::: Provided material :::
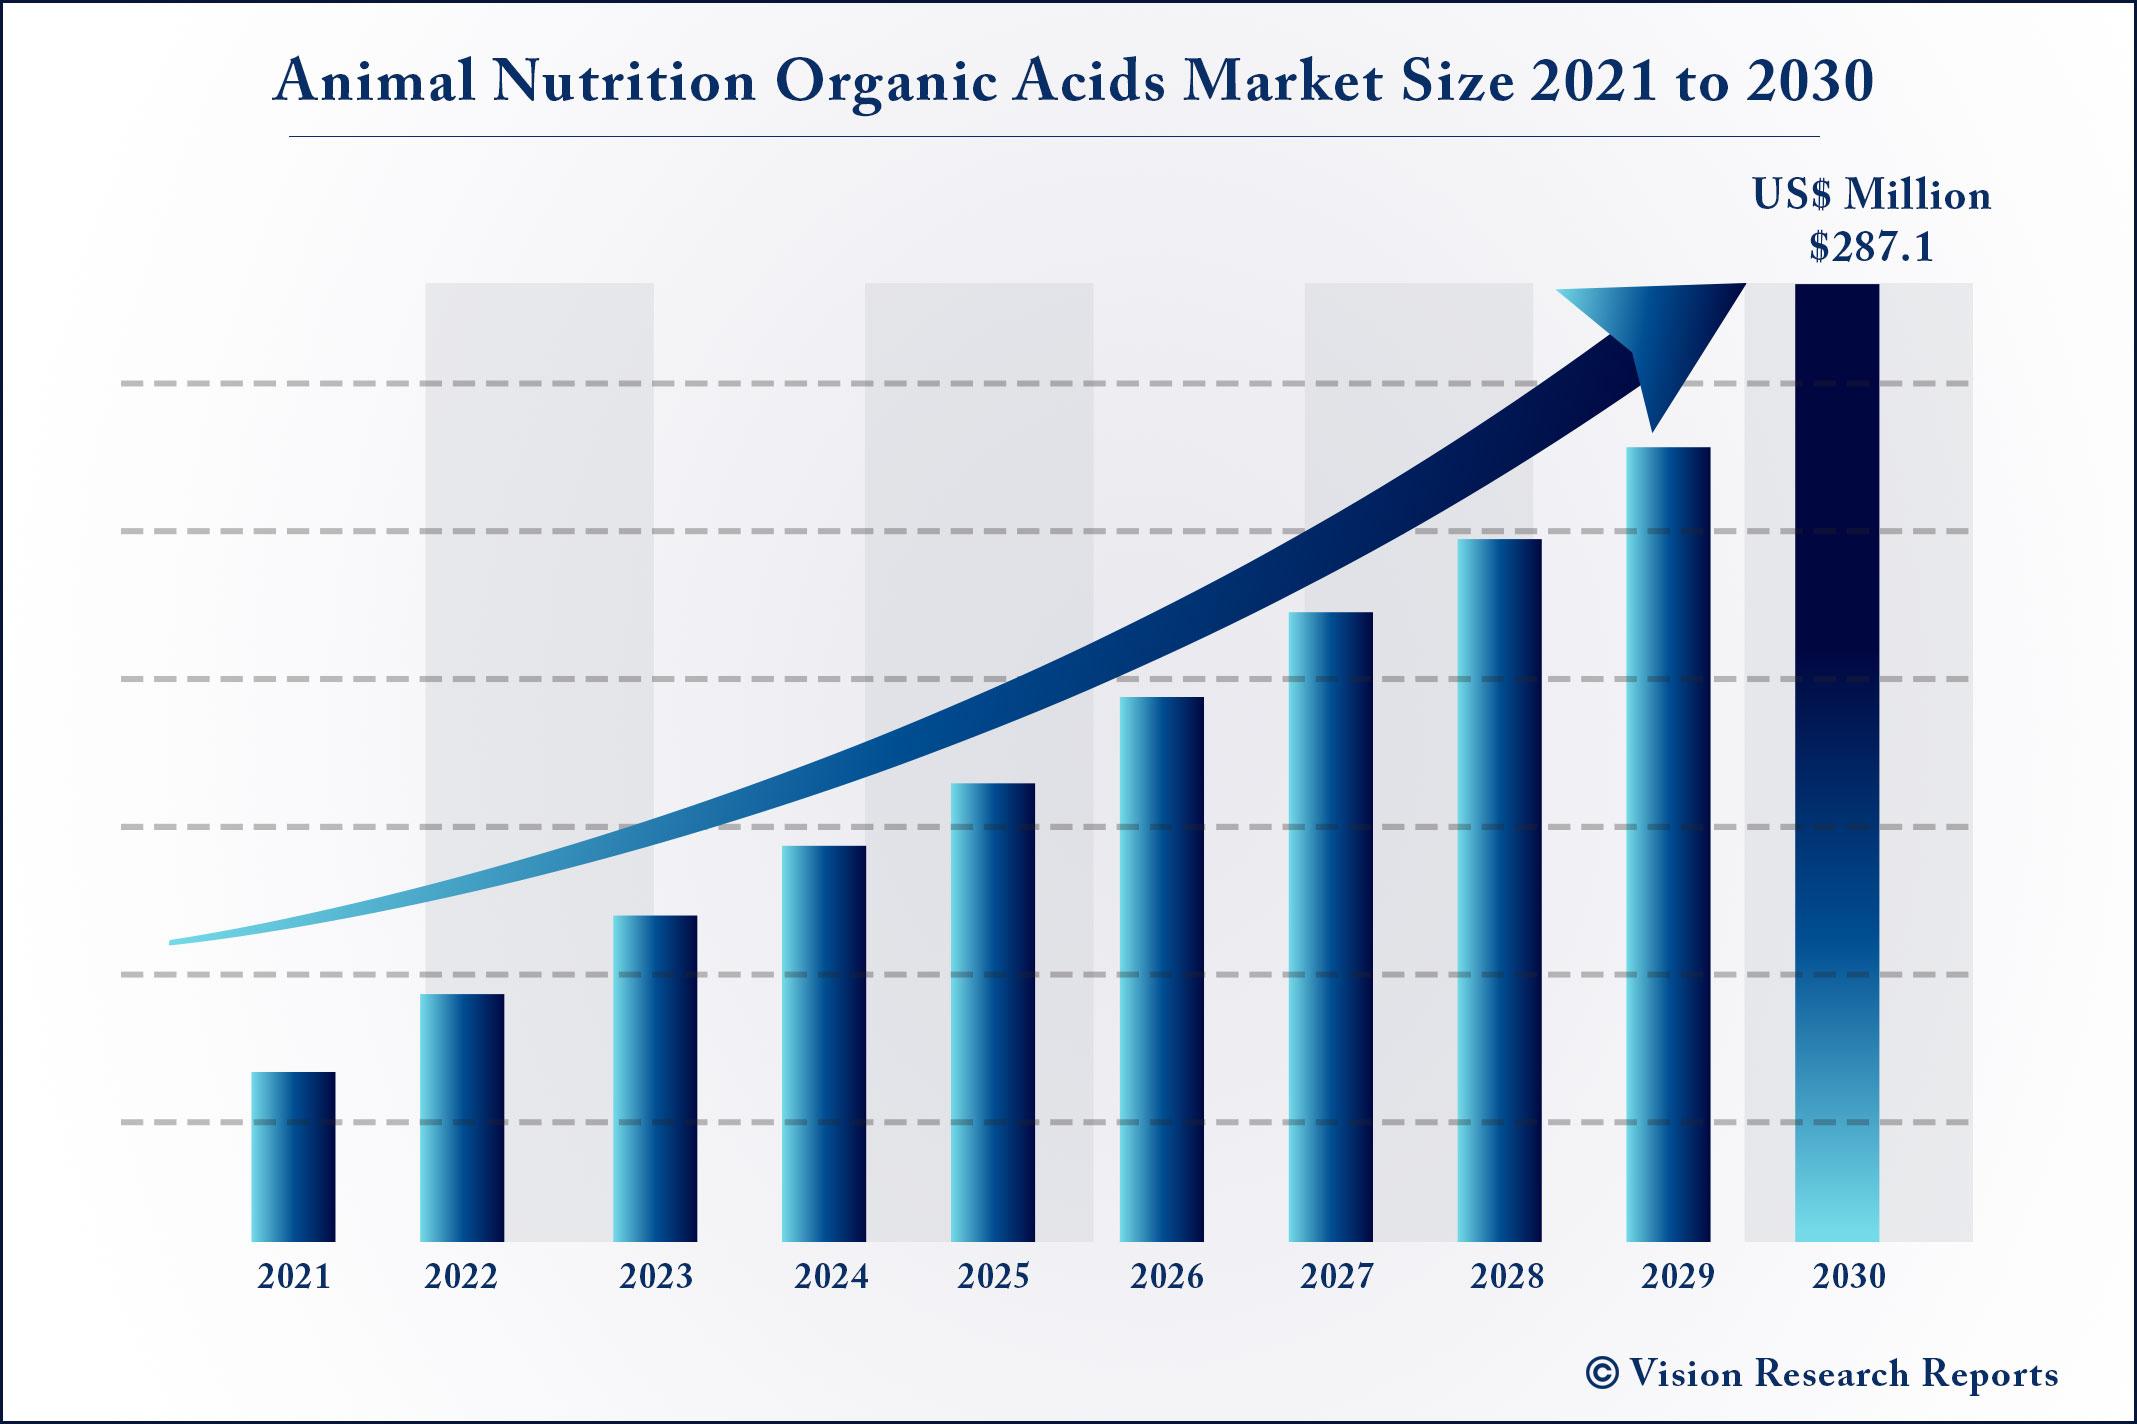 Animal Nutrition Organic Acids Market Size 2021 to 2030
:::
::: Provided material :::
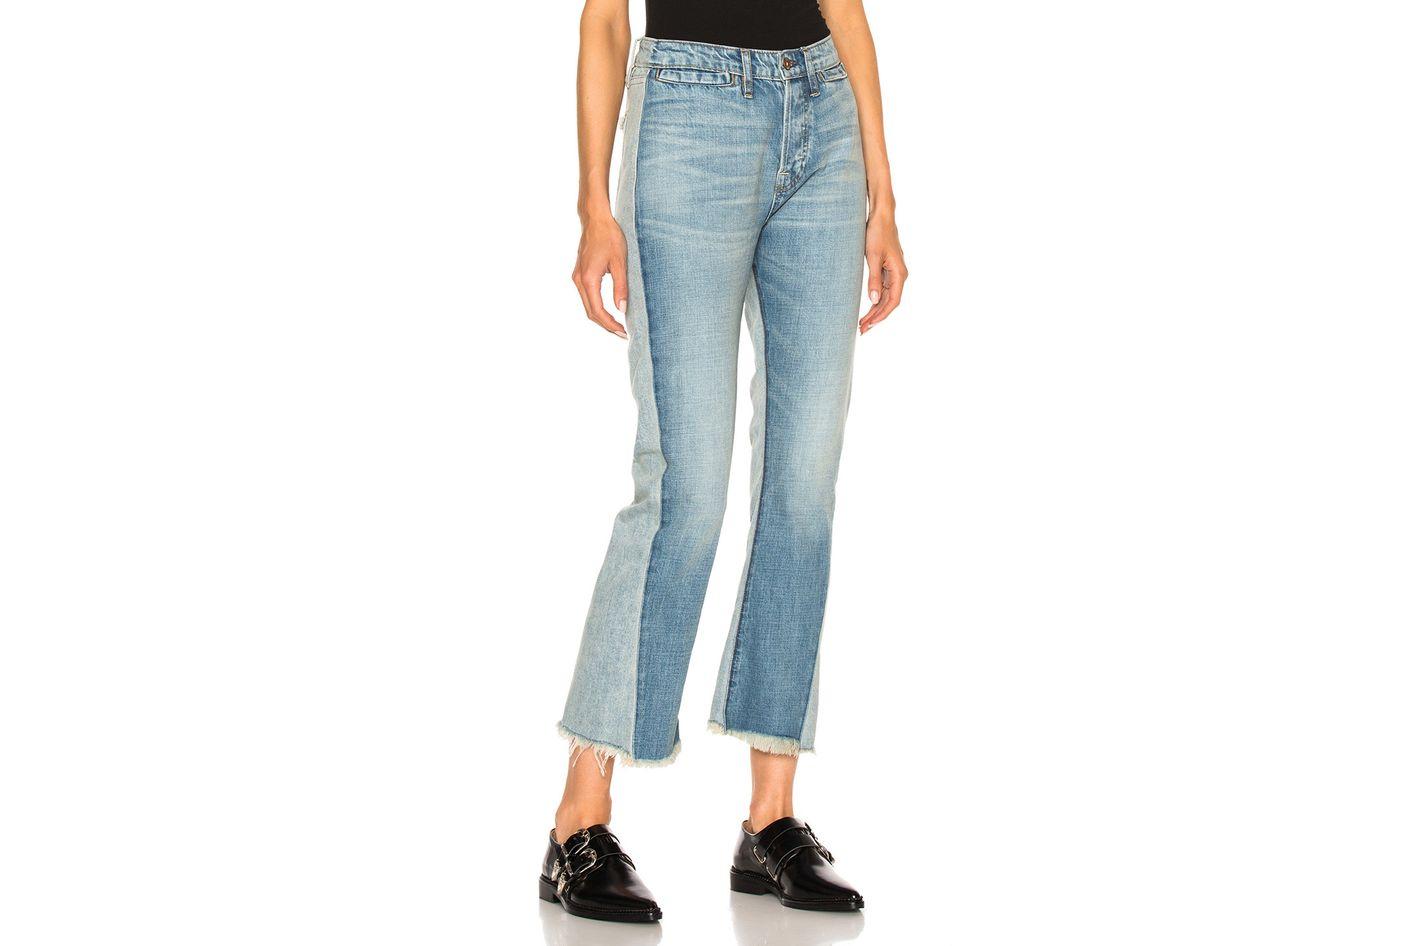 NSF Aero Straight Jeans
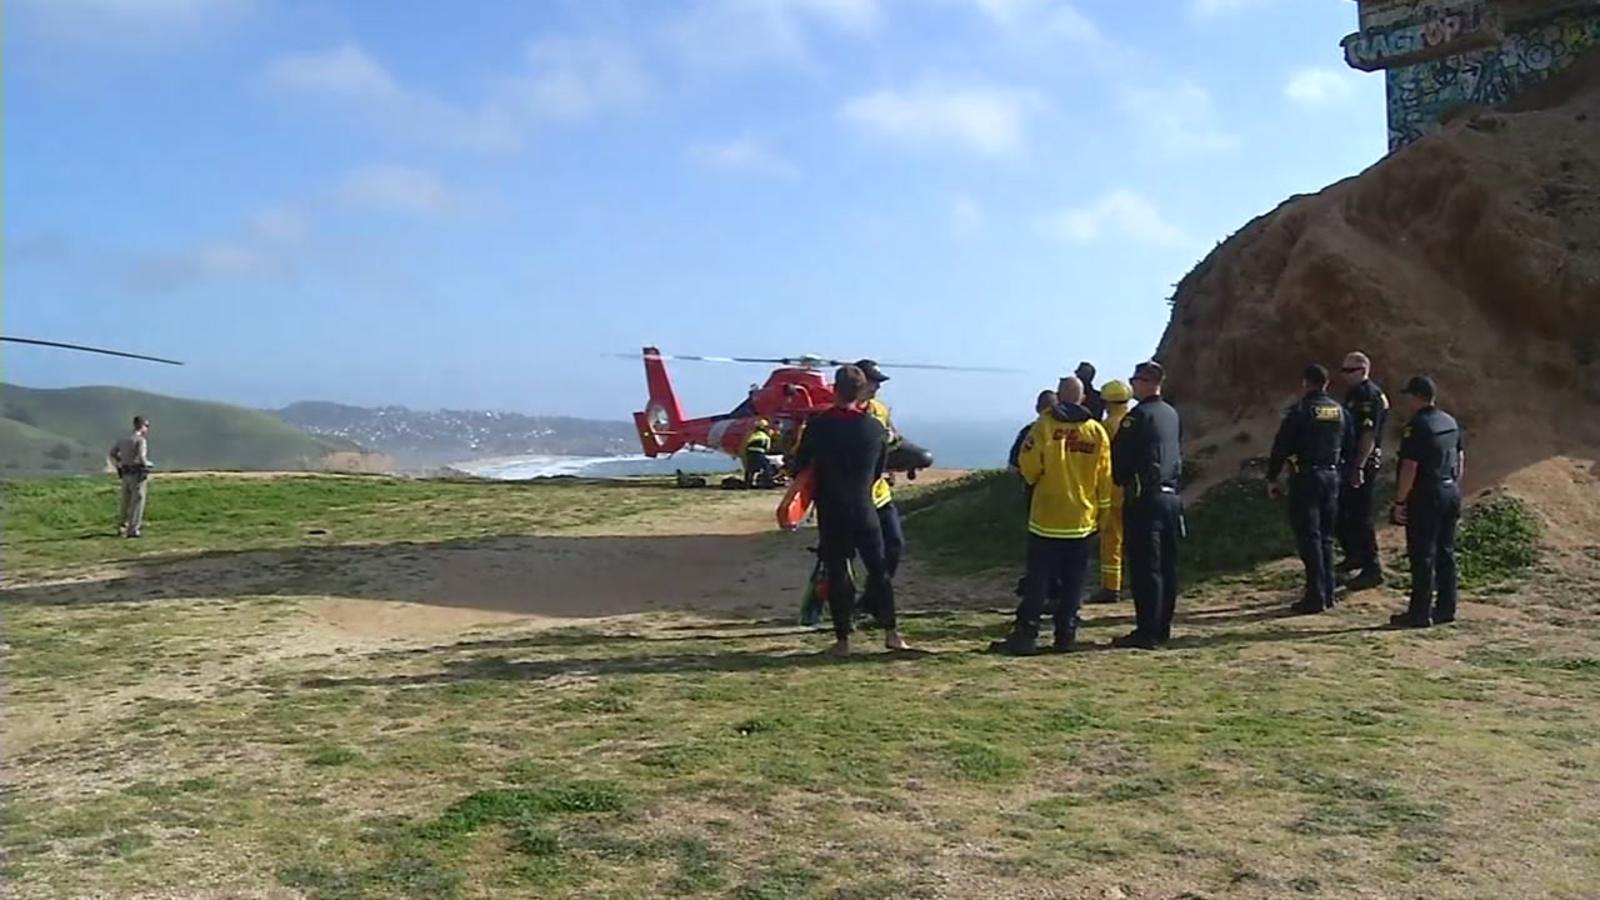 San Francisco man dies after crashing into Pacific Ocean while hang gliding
:::
■ **Assigned task**:
All that should appear in the answer is the lines above from the line with "NSF Aero Straight Jeans" through the line with "San Francisco man", retyped exactly, pictures left out.

■ **Result below**:
 NSF Aero Straight Jeans
 San Francisco man dies after crashing into Pacific Ocean while hang gliding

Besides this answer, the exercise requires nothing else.